Attacking the media for raising questions about global warning only exemplifies how green orthodoxy is stifling legitimate discussion

The media likes clear distinctions — good news or bad news, sunny or rainy — but not the vast grey chasm in between. This is arguably why it failed to spot the scale of the financial crisis. Because until things went horribly wrong there wasn’t a story.

But the other reason journalists didn’t alert their readers before last year’s economic crash is because it’s not the job of the media to take a view that no one else is taking. In other words: if politicians, bankers and economists did not see it coming, then why should the media?

A similar thing is happening with global warming. The political and media drumbeat is incessant. According to Gordon Brown humanity now has about 30 days to save itself, which is clearly a ridiculous claim.

And there are far more important health problems facing the world than climate change. However, this kind of apocalyptic language is now standard, but when it is challenged the proponents of emission reduction point to science for their answers.

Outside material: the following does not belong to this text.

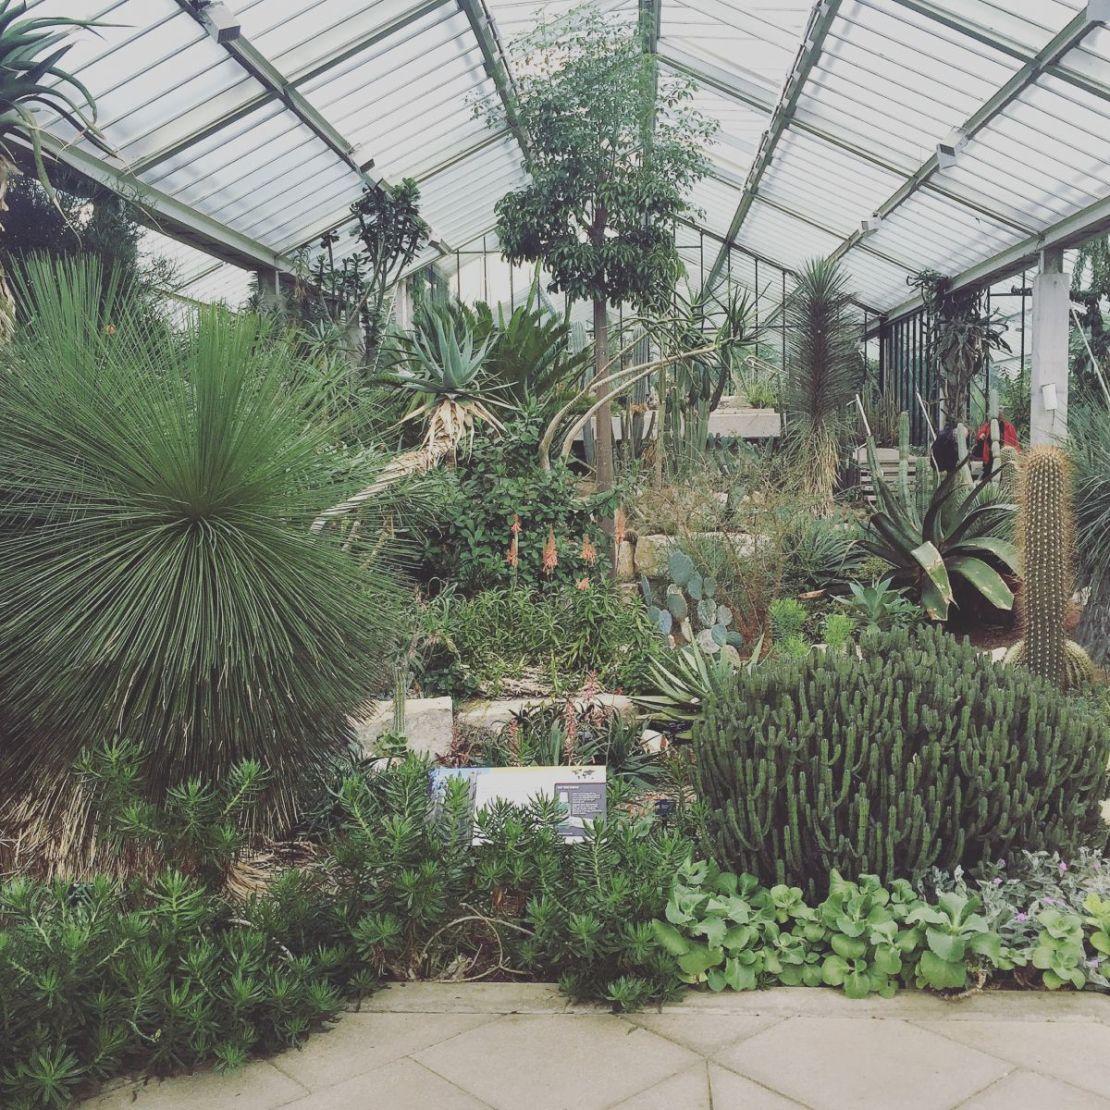 Princess of Wales Conservatory, Kew

Their ranks have been swelled by an increasing number of organisations, both public and private, with a vested interest in the science pointing in one direction only. Interestingly, one of those firms, Grimshaw, has just landed the job of masterplanning the highly controversial expansion of Heathrow airport, putting it in the front line for environmental protesters.

But despite the outcry of, among others, the Green Building Council (see letter on bdonline.co.uk) the science is far from settled, and reliable forecasts of future climate are proving elusive.

It may well be that human CO2 activity is a significant factor in global warming, but there are also other reasons, like population growth and a huge number of other independent factors that are making the earth warmer, although these are rarely given much credence — and the scientists involved in genuine research in this field have been refused platforms because they dare question the climate change orthodoxy.

It may be too that the sensible approach is to take action now, because the risks of doing nothing outstrip the risks of doing something — although again what that “something” should be is debatable.

Is the best course of action putting a cap on emissions for countries like China and India, which would jeopardise their economic growth, or should we be adapting to climate change and using our energies and money in better preparing for the impact of events such as flooding and drought? And who is going to pay?

Again, it is hard to have this debate without being labelled a climate change “denier”. The very word, with its implicit reference to the Holocaust, is deliberately offensive, but a free press means that journalists should be allowed to raise these questions and BD has no intention of staying silent just because of the “baying mob of outrage” coming after it.

It’s no surprise that the green lobby insists the debate is over, but it’s not, and the more people try and suppress it, the more difficult it is to have a reasoned and consensual approach, which is surely needed if the right policies are to be agreed now, and in the future.